Library / AI And Mathematics

Tensor Expression Graphs

Modern AI systems depend on matrix and tensor expressions. Those expressions can also be treated symbolically, which makes it possible to rewrite, compare, and optimize them before execution.

Tensor Perspective

Expressions Before Kernels

A tensor program can be viewed as an expression graph built from operations such as matrix multiply, elementwise multiplication, addition, transpose, normalization, and activation functions. Before those operations are lowered to kernels or compiled code, they still have algebraic structure.

That structure is useful. It allows a symbolic system to detect equivalent forms, identify fusion opportunities, and compare alternatives using a cost model that reflects shape, operation count, or execution goals.

Sym Relevance

What Sym Already Handles

Sym includes tensor-oriented operations and a tensor cost model. The codebase works with operators such as MatMul, TensorAdd, TensorMul, and Transpose, and the tests include rewrite-based fusion of expressions like:

Relu(TensorAdd(MatMul(A, B), C)) -> FusedMatMulAddRelu(A, B, C)

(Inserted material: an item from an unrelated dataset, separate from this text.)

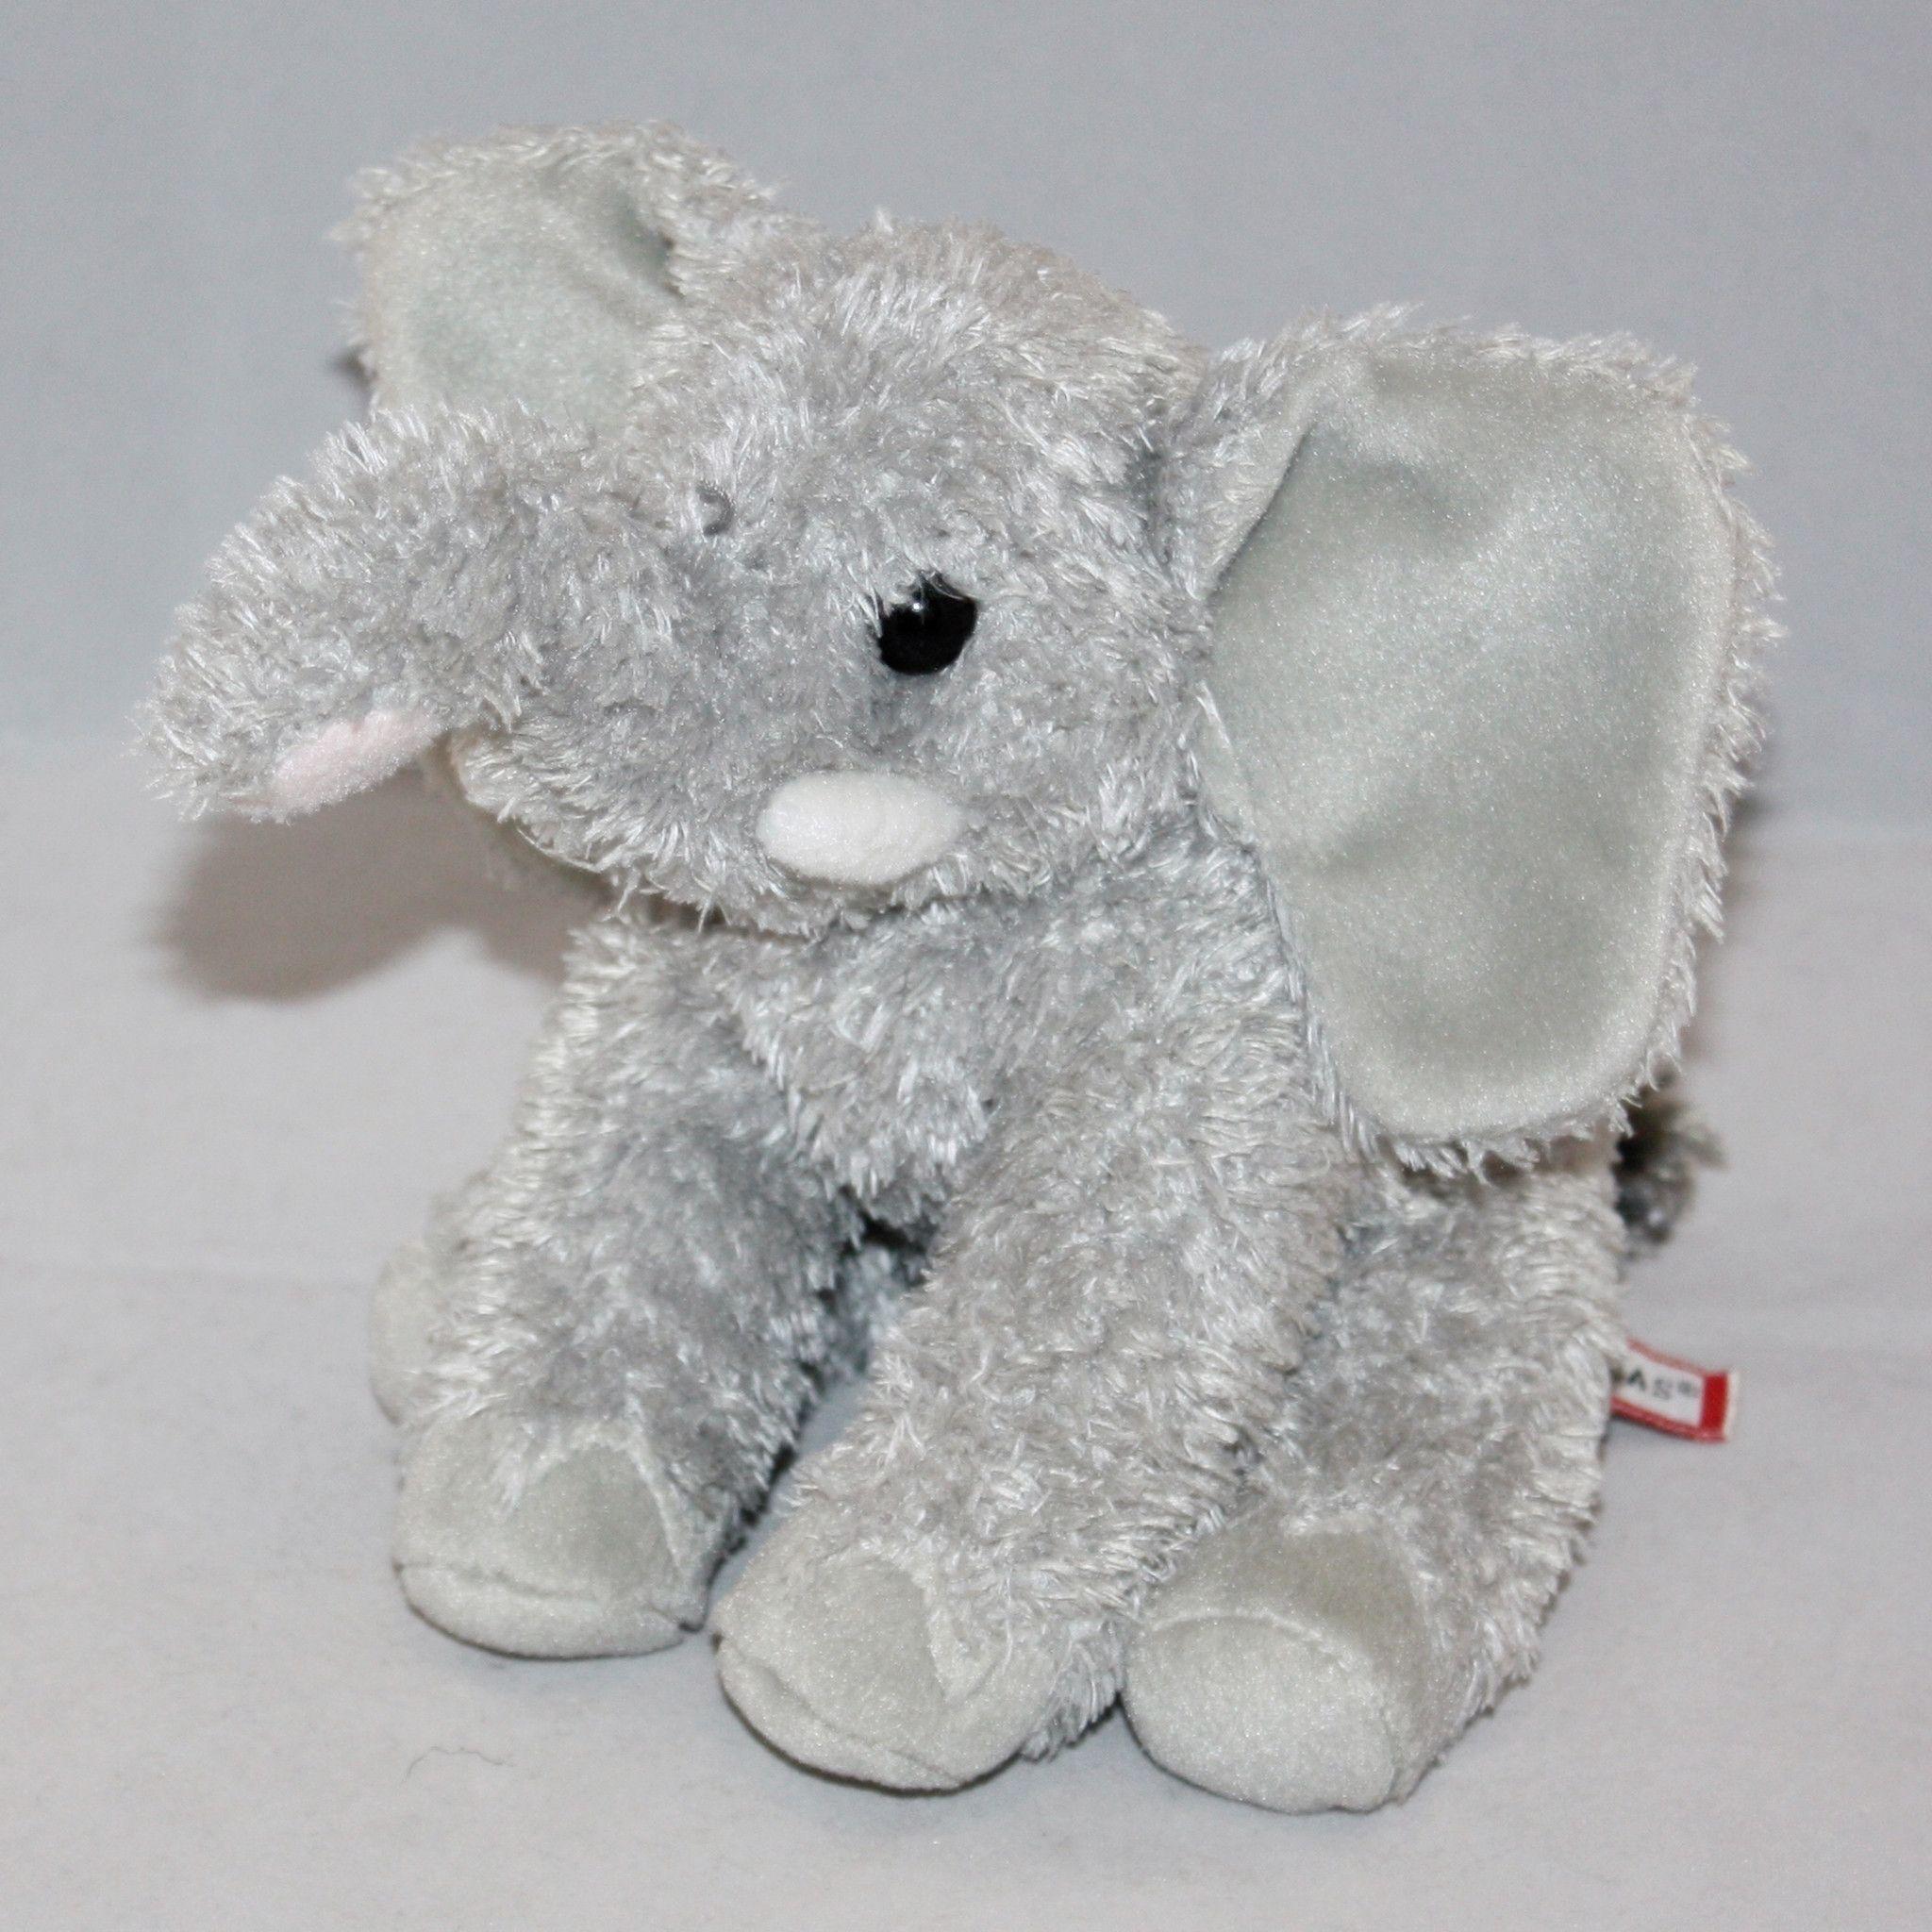 Pleasing Douglas Cuddle Toy Gray Elephant Beanbag Stuffed Plush Ibusinesslaw Wood Chair Design Ideas Ibusinesslaworg

That is important in an AI context because it shows symbolic reasoning applied to the kinds of tensor equations that appear in real model pipelines.

Optimization

Why Rewrite Tensor Graphs

The same tensor computation can often be expressed in multiple equivalent ways. A rewrite system can search those alternatives and prefer one with better fusion, lower cost, or clearer structure.

That makes tensor graphs a natural target for the same kinds of techniques used in symbolic optimization more generally: rewriting, equivalence classes, and cost-guided extraction.

AI Link

Symbolic Reasoning Meets ML Infrastructure

This is one place where symbolic computation and AI overlap directly. AI uses tensor programs, and symbolic systems can reason about those programs before they become low-level execution plans.

That overlap matters because it gives symbolic methods a role in modern workloads that is concrete rather than merely historical.

Cost Models

Equivalent Forms Are Not Equally Useful

Two tensor expressions may be mathematically equivalent while differing significantly in runtime cost, memory traffic, or fusion opportunities. A symbolic optimizer therefore needs more than rewrite rules. It needs a way to compare results. That is where cost models come in. A cost model can reflect shape, operation count, extraction preference, or another domain-specific objective.

This is one reason tensor optimization fits naturally with symbolic methods. Once the expressions are represented structurally, equivalence and preference can be handled separately.

GPU Context

Why This Matters For AI Infrastructure

GPU workloads are often described operationally in terms of kernels, launches, and memory layouts. But before those implementation details take over, there is usually a higher-level tensor expression that can be reasoned about. That is the layer where symbolic optimization can detect fusion patterns, expose shared structure, and choose more efficient forms before execution is fixed.

In Sym, this shows up in a concrete way through tensor-aware operators, rule packs, and cost models. The system is already able to recognize and improve some fused tensor-style expressions, which makes it a useful example of symbolic computation meeting AI-oriented workloads.

Representation

Why Graph Form Matters Before Execution

Once a tensor computation is represented as a graph, subexpressions, dependencies, and possible fusion boundaries become visible in a way that flat code often obscures. That visibility matters for both optimization and explanation.

It also makes the connection to symbolic computation more direct: the graph is a structured object that can be rewritten and compared rather than a fixed sequence of opaque steps.

Bigger Picture

Why This Topic Belongs In The Library

Tensor expression graphs are a good example of symbolic ideas leaving the textbook and entering modern infrastructure. They show that representation, equivalence, and extraction are not only concerns for algebra systems. They matter in the optimization of real AI workloads too.

That makes this topic a bridge between the symbolic-computation section and the broader AI section.